Jani dan Tristan mengangguk bersamaan.
Anya tersenyum menatap dua sahabatnya itu. Dia ingat bagaimana stresnya Jani dan Tristan selama beberapa bulan ini. Jani stres karena belum mendapat pekerjaan setelah re-sign, dan Tristan stres karena ada masalah dengan client perusahaannya. Anya maklumi saja, jika kedua temannya itu melampiaskan rasa lega mereka hari ini.
"Nih, makan. Liat lo berdua makan udah bikin gue kenyang," Anya memindah nugget yang belum dia habiskan ke piring milik Tristan. Karena cowok bermata sipit itu terus-terusan mencuri pandang pada piring nuggetnya sedari tadi.
"Terimakasih, Teman," dengan semangat, Tristan melahap nugget yang baru saja berpindah hak kepemilikan itu.
"Minta dong, Tan.."
Tristan berbaik hati meletakkan satu nugget dari piringnya ke piring Jani.
Anya hanya bisa geleng-geleng.
Orang lain yang melihat bagaimana Jani dan Tristan makan, mungkin akan mengira dua orang ini sangat kelaparan. Bagaimana tidak berpikir demikian?
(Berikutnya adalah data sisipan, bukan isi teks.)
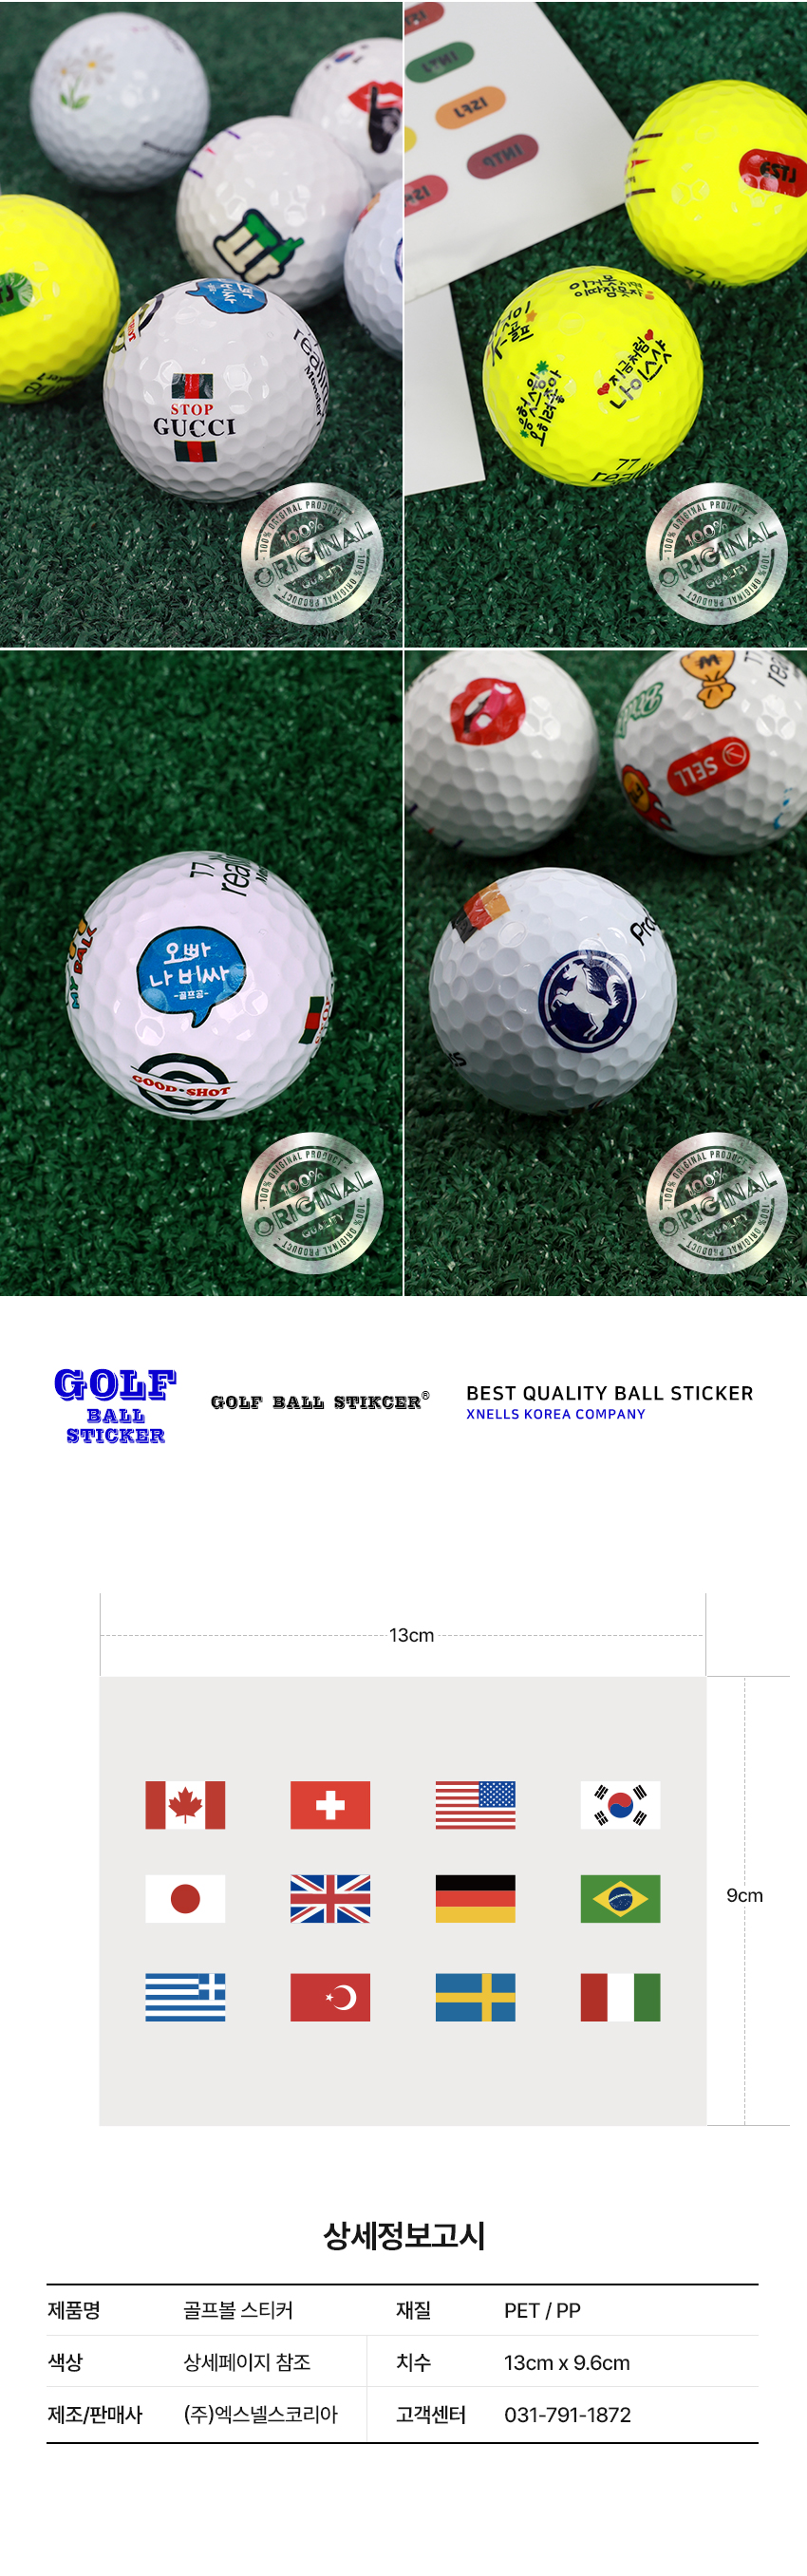 golf_ball_sticker_detail_02.jpg

Tristan memesan nasi goreng dengan tambahan telur. Belum lagi dia masih menghabiskan nugget milik Anya. Jani, si jago makan di meja itu memesan nasi goreng dan mie pangsit yang sekarang hanya menyisakan mangkok tanpa isi.
"Pelan-pelan makannya. Kayak enggak pernah makan aja, lo!" Tristan protes saat Jani makan dengan berantakan. Satu-satunya cowok di meja itu mengambil tissue dan membersihkan sisa makanan yang tertinggal di mulut Jani.
"Makasih, Teman," Jani tersenyum dan kembali dalam kegiatannya menandaskan makanannya.
"Lo juga kali, Tan." Anya menimpali.
"Gue juga gimana?" Tristan mengusap-ngusap mulutnya. Dia kira ada sisa makanan yang berantakan. Padahal bukan itu yang Anya maksud.
"Ngatain Jani kayak enggak pernah makan, lo juga gitu."
"Dih, masa sih?" Tanya Tristan sambil melirik Jani yang sedang makan dengan lahap. Dia tidak percaya makan seperti teman yang duduk di sampingnya itu. Pasalnya, Jani makan seperti orang kesetanan.
Anya mengangguk. Sedangkan Jani, dia tidak mau tahu.
"Ya maklumin lah, Nya. Ini kali pertama lidah gue bisa ngerasain pahit, gurih, asem, manis setelah pikiran gue buntu masalah proyeknya Pak Hasani."
"Iya gue paham. Jadi, sekarang kalian satu kantor dong?" Tanya Anya.
Jani dan Tristan mengangguk secara bersamaan lagi.
"Kapan mulai kerja?"
"Minggu depan, Nya. Ini gue masih harus bikin desain full sekalian maketnya," jawab Jani.
"Lembur lo? Mau gue bantu nggak?"
"Enggak usah, Tan. Gue bisa kok. Mending lo nyicil jam tidur lo yang kepake buat lembur kemaren-kemaren aja."
"Serius ini?" Tristan masih memastikan.